How to access a file inside sagemaker entrypoint script-CodePudding

I want to know how to access a private bucket S3 file or a folder inside script.py entry point of sagemaker . I uploaded the file to S3 using following code

boto3_client = boto3.Session(
                        region_name='us-east-1',
                        aws_access_key_id='xxxxxxxxxxx',
                        aws_secret_access_key='xxxxxxxxxxx'
)

sess = sagemaker.Session(boto3_client)  
role=sagemaker.session.get_execution_role(sagemaker_session=sess)
inputs = sess.upload_data(path="df.csv", bucket=sess.default_bucket(), key_prefix=prefix)

This is the code of estimator

import sagemaker
from sagemaker.pytorch import PyTorch


pytorch_estimator = PyTorch(
    entry_point='script.py',
    instance_type='ml.g4dn.xlarge',
    source_dir = './',
    role=role,
    sagemaker_session=sess,

)

Now inside script.py file i want to access the df.csv file from s3. This is my code inside script.py.

parser = argparse.ArgumentParser()
parser.add_argument("--data-dir", type=str, default=os.environ["SM_CHANNEL_TRAINING"])
args, _ = parser.parse_known_args()

#create session
sess=Session(boto3.Session(
                        region_name='us-east-1'))
S3Downloader.download(s3_uri=args.data_dir,
                          local_path='./',
                          sagemaker_session=sess)

df=pd.read_csv('df.csv')

But this is giving error

ValueError: Expecting 's3' scheme, got:  in /opt/ml/input/data/training., exit code: 1

I think one way is to pass secret key and access key. But i am already passing sagemaker_session. How can i call that session inside script.py file and get my file read.

CodePudding user response：

I think this approach is conceptually wrong.

Files within sagemaker jobs (whether training or otherwise) should be passed during machine initialization. Imagine you have to create a job with 10 machines, do you want to read the file 10 times or replicate it directly by having it read once?

In the case of the training job, they should be passed into the fit (in the case of direct code like yours) or as TrainingInput in the case of pipeline.

You can follow this official AWS example: "Train an MNIST model with PyTorch"

However, the important part is simply passing a dictionary of input channels to the fit:

pytorch_estimator.fit({'training': s3_input_train})

You can put the name of the channel (in this case 'train') any way you want.

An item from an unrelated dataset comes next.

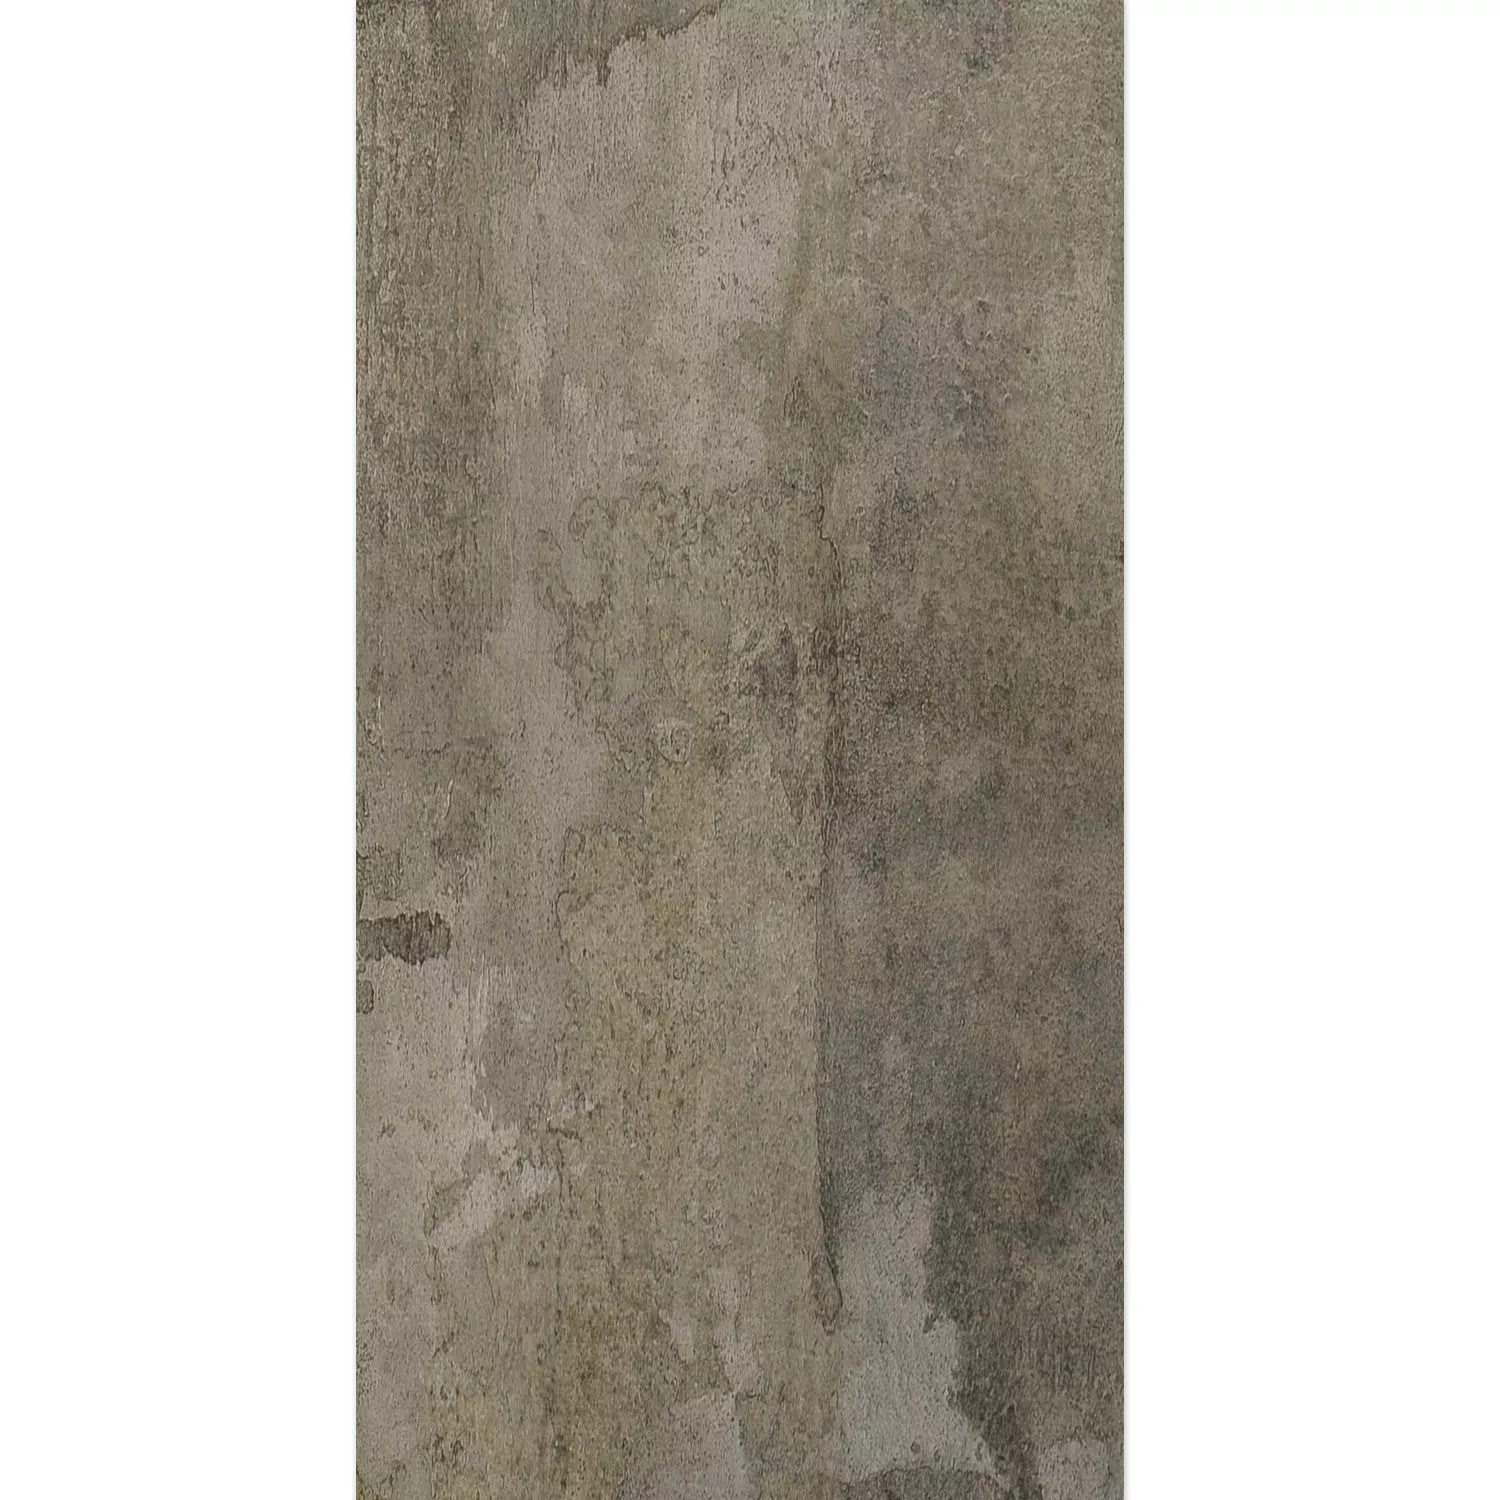 Próbka Płytki Podłogowe Haarlem Graphit 45x90cm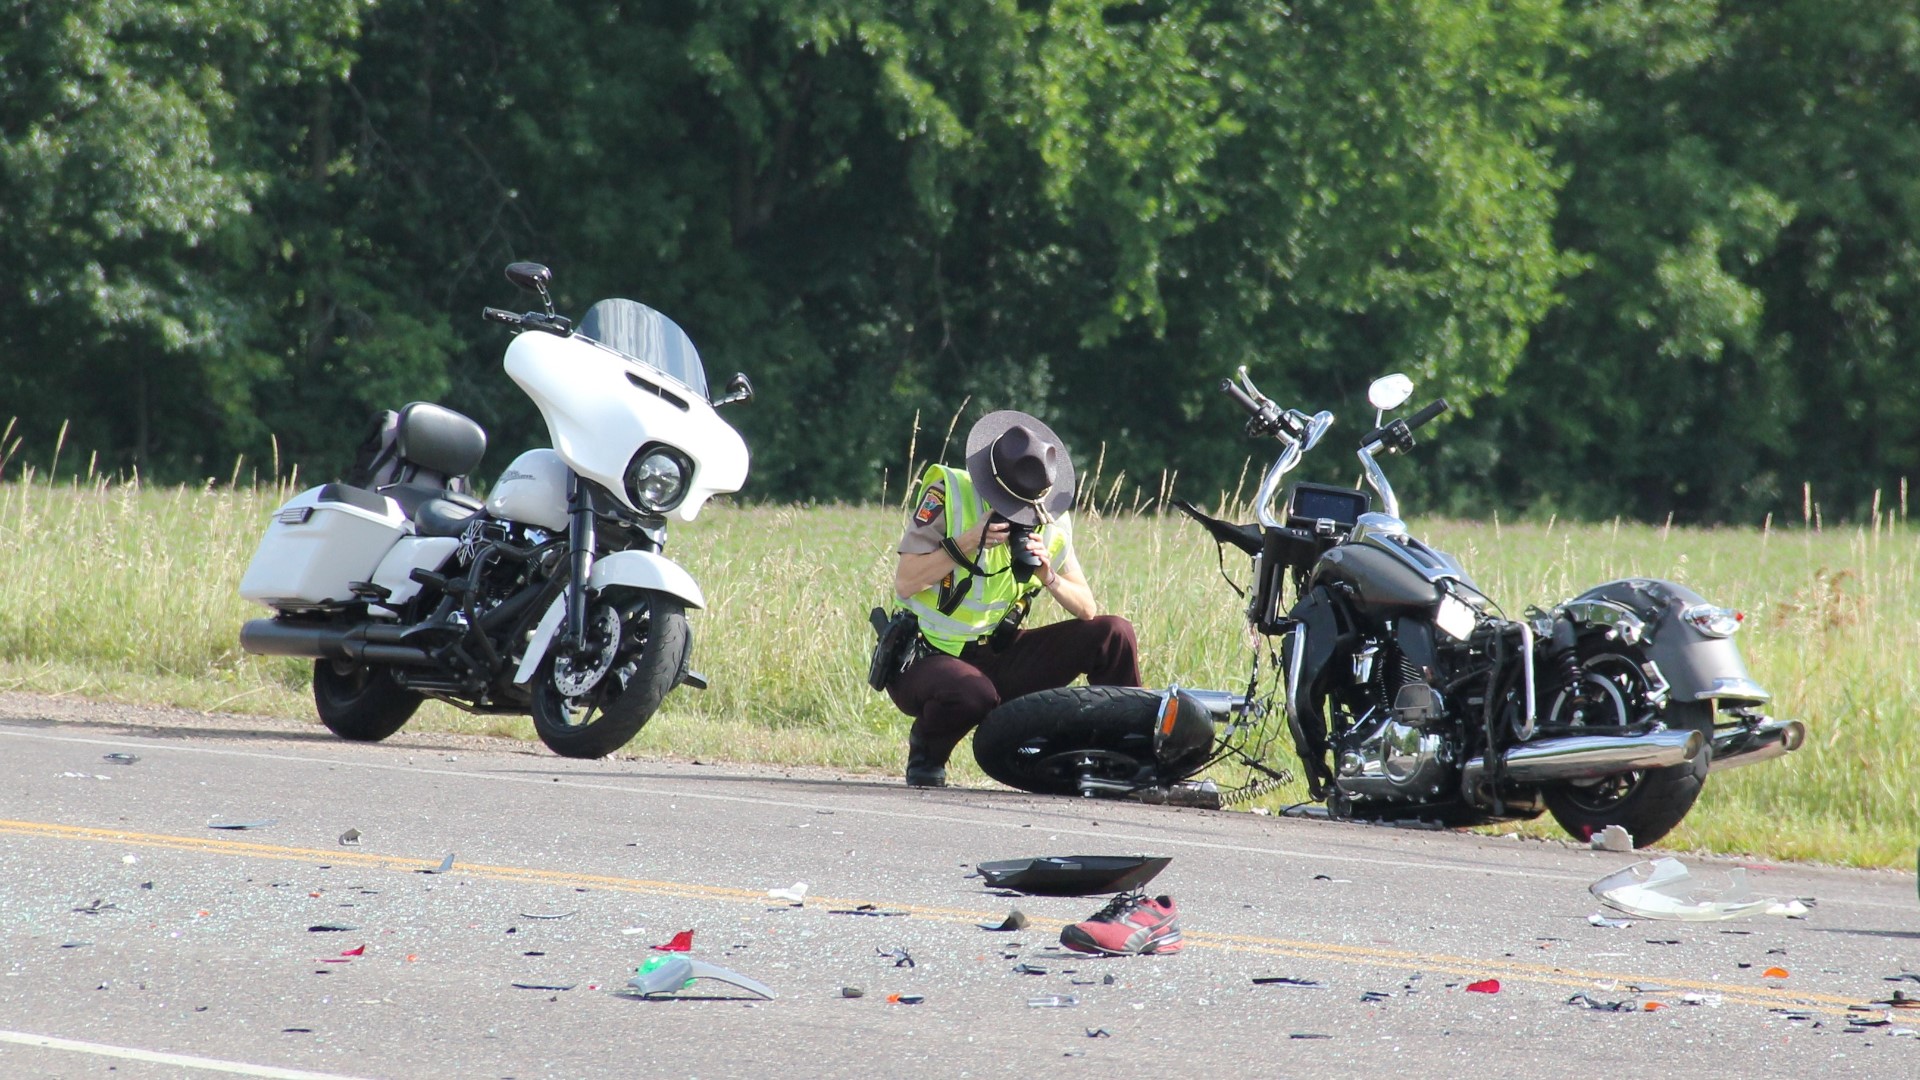 1 motorcyclist dead, 6 injured after crash in central MN | kare11.com

The path s3 will be the one in your df.csv.

Within your script.py, you can read the df.csv directly between environment variables (or at least be able to specify it between argparse). Generic code with this default will suffice:

parser.add_argument("--train", type=str, default=os.environ["SM_CHANNEL_TRAINING"])

It follows the nomenclature "SM_CHANNEL_" your_channel_name. So if you had put "train": s3_path, the variable would have been called SM_CHANNEL_TRAIN.

Then you can read your file directly by pointing to the path corresponding to that environment variable.